Распахнул ее и натолкнулся на взгляд матери. Глаза у нее были странные, поплывшие.

– Возьми трубку, Вадик, – пробормотала она и принялась пятиться по – рачьи.

Он протиснулся мимо и, подойдя к журнальному столику, испытал сильное желание вернуться в свою комнату и лечь спать. Телефон лежал в ворохе старых газет и выглядел… опасным, как притаившийся в кустах волк.

– Алло.

Поначалу ему показалось, что там, на другом конце провода, кто-то старательно надувает воздушный шарик.

– Говорите, кто?

– Вадинька… – женский знакомый голос.
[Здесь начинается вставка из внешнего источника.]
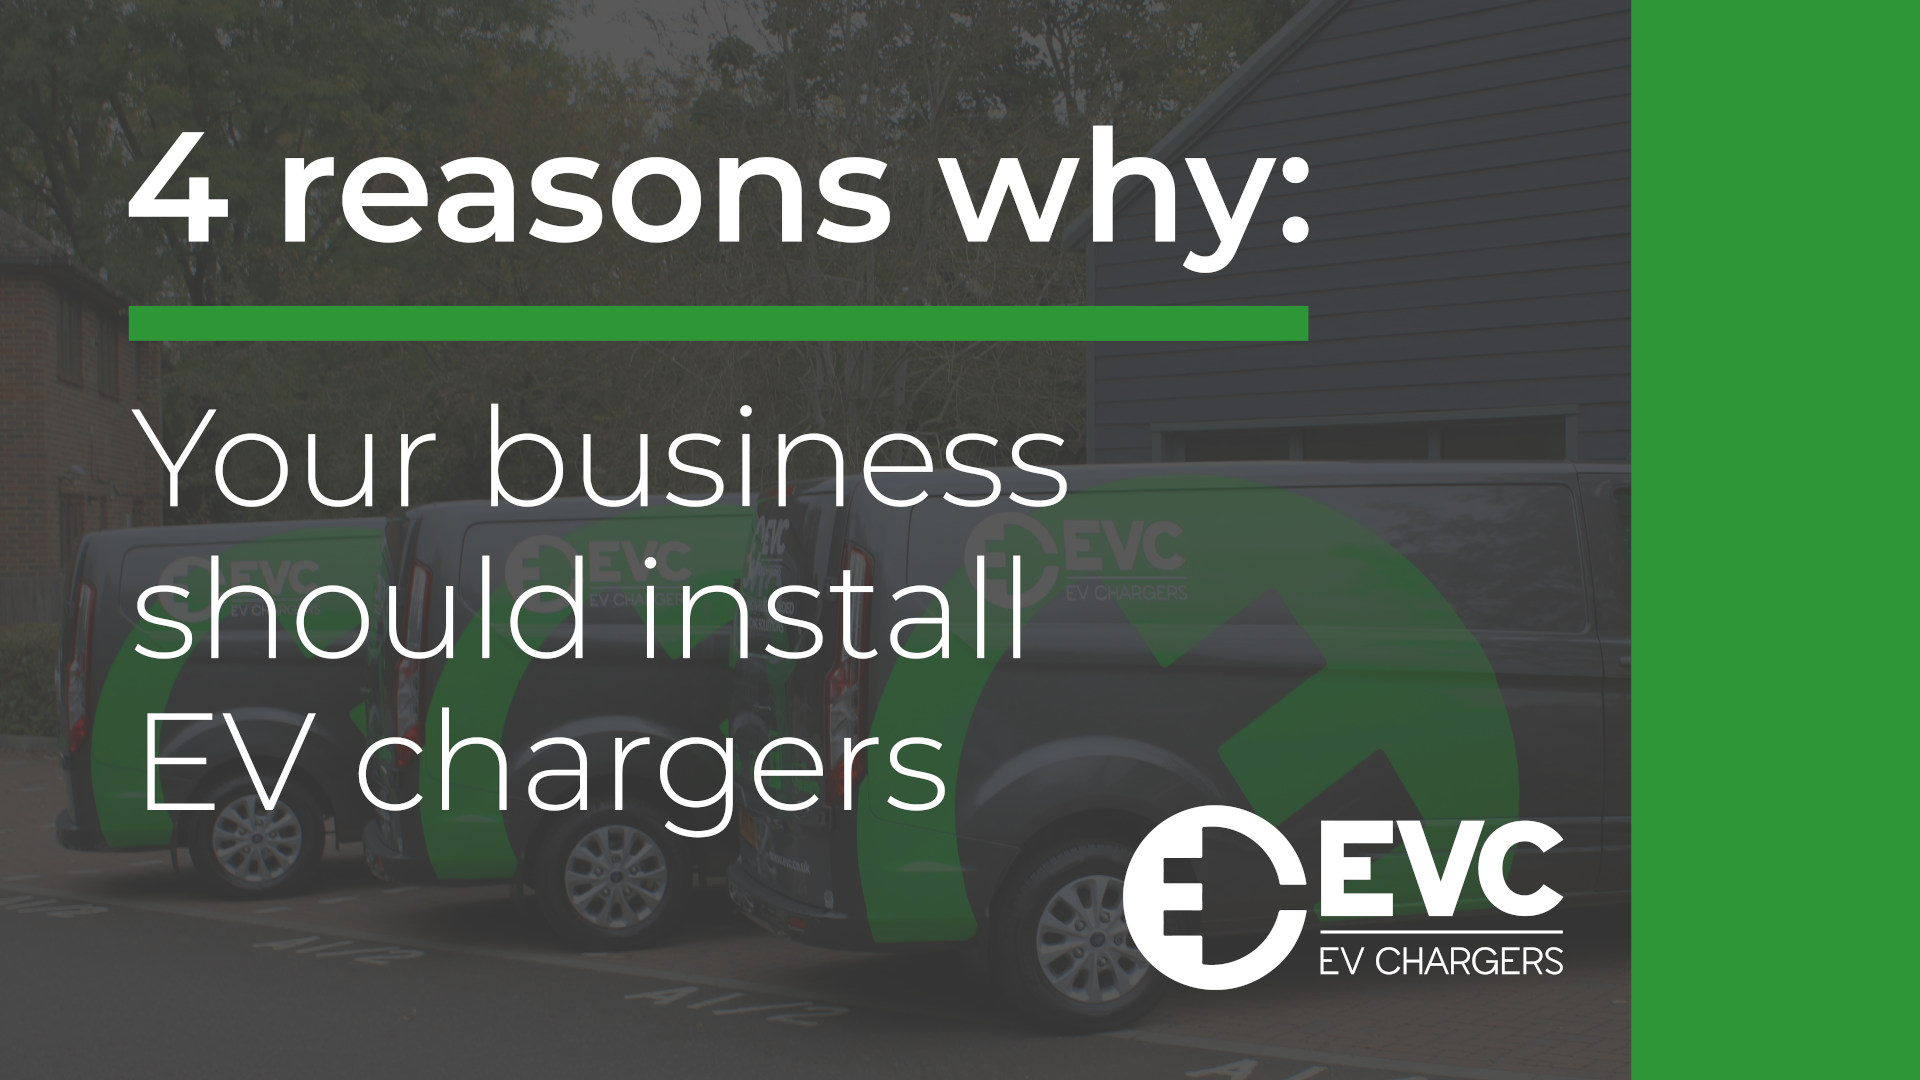 4 reasons why your business should install EV chargers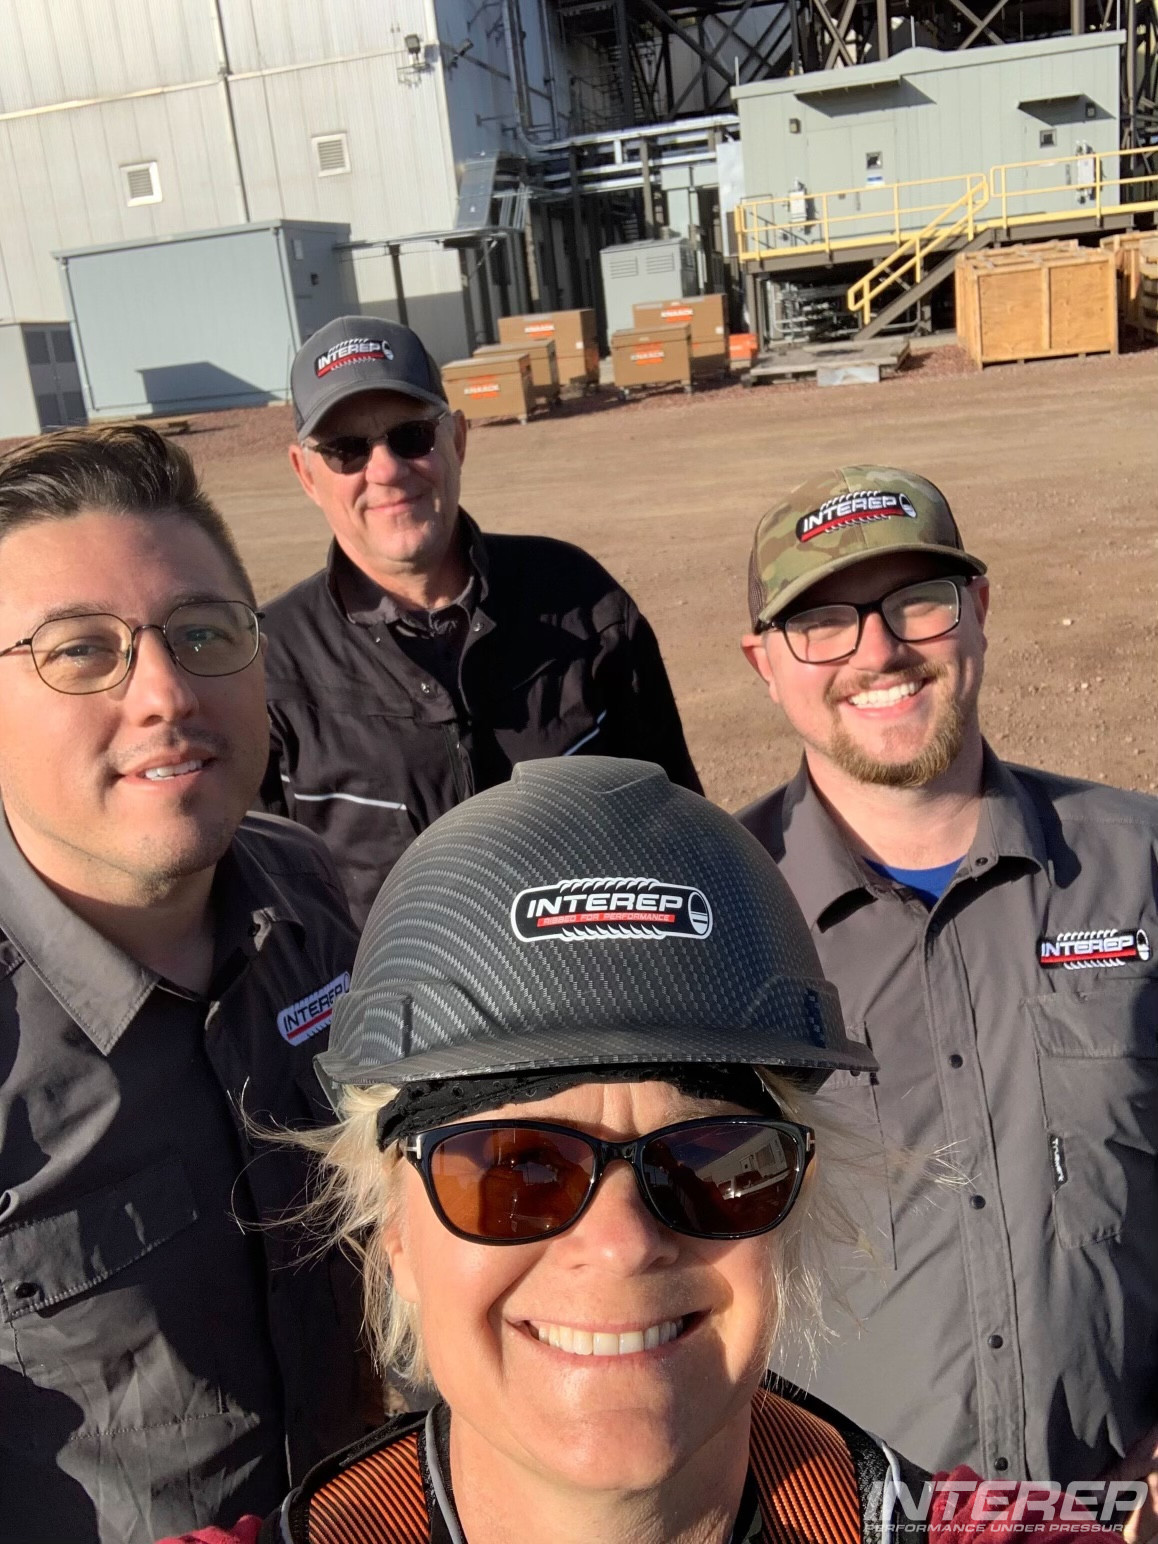 Smile, it’s almost Friday! 😆🛠👷🏼‍♀️ Even weekends won’t keep us from making sure you stay online. Give us a call! #performanceunderpressure #therewhenyouneedit

Секунды хватило, чтобы понять, что это мать Черепа, как ее… Лидия что-то там.

Во рту стало вязко, как после новокаина.

– Слушаю…

– Вадинька, это мама Виталика… Это Лидия… Михайловна («Ну да, разумеется, Михайловна, как он вообще мог забыть?»), тетя Лида… – почему-то именно это совершенно неуместное «Тетя Лида» заставило его испугаться всерьез.

– Что-то… нужно вам? – невпопад спросил он.

– Да… это… С Виталиком беда, – выпалила женщина и расплакалась, скорее, завыла прямо в трубку.

Странно, но в ту же секунду онемение, распространявшееся во рту, равно как и страх, принялись отступать.

– Что с Виталиком… – он помедлил и добавил: – тетя… Лида?

Рыдания и вой на другом конце трубки превратились в какое-то жидкое бульканье.

– Я не понимаю… Что вы говорите там? – теперь страх прошел полностью, уступив место раздражению.

– Виталик… упал… – Упааал… – женщина снова принялась выть.

– Куда упал? – теперь Вадиму хотелось повесить трубку и вернуться в постель. Вой действовал ему на нервы.

– С балкона упал! – взвизгнула женщина, и словно плотину прорвало, – разбился он! Прыгнул! Насмерть! Сыночек мой… Я думала, тебе нужно… Вы же друзья были…

Вадим отнял трубку от уха и озадаченно посмотрел на нее. Трубка как трубка, ничего особенного. Он осторожно положил ее на рычаг и присел рядом на низкую шаткую табуретку.

Стало быть, вот оно как…

– Вадик… – он поднял голову. Мать стояла в двух шагах, бессильно привалившись к стене, по – бабьи поднеся одну руку ко рту.

– Ты в порядке, сынок?

– Спать хочу, – буркнул он и встал с табуретки.

Телефон зазвонил снова – и внезапно страх вернулся, перерос в ужас. Он уставился на аппарат, пытаясь заставить его замолчать, но тот звонил, звонил, захлебываясь.

– Ты… не хочешь брать трубку, да? – пропищала мать из-за спины.

«Да, я не хочу брать трубку, ты – старая тупая овца! Не хочу притрагиваться к этому сраному телефону, потому что мне насрать на Черепа и на его мамашу, и на всю их рабоче-крестьянскую семейку, но я боюсь, боюсь, и сам не знаю чего!» – ему хотелось повернуться и заорать прямо в лицо матери, но вместо этого он протянул руку и осторожно поднял трубку. Поднес ее к уху, ожидая услышать уже знакомое захлебывающееся бульканье Лидии, как ее там, Михалны, но подсознательно будучи уверенным в том, что это не она, о, нет, милые мои, не она это, но ее сын, еле шевелящий разбитыми губами. Звонит из морга… Ведь даже мертвецам полагается один прощальный звонок, верно? Звонит, чтобы закончить начатый на лестничной площадке разговор…

– Доброе утро, Вадим. Не разбудил?

Это был Кольцов.

Страх мгновенно перерос в панику, и он понял, что боится этого нестарого старика, боится его больше всего. Нужно было бросить трубку и никогда больше не отвечать ни на какие звонки. Уехать из города, если нужно…

Он потряс головой, удивляясь сам себе. Какая-то чушь.

– Да, Юрий Владимирович!

– То бишь, разбудил? – Кольцов звучал весело, даже игриво.

– Нет… то есть… не совсем. Меня уже до вас разбудили.

– Ну да, ну да… Бедный Виталик, правда? Такой молодой… столько всего впереди… Мои соболезнования, Вадик.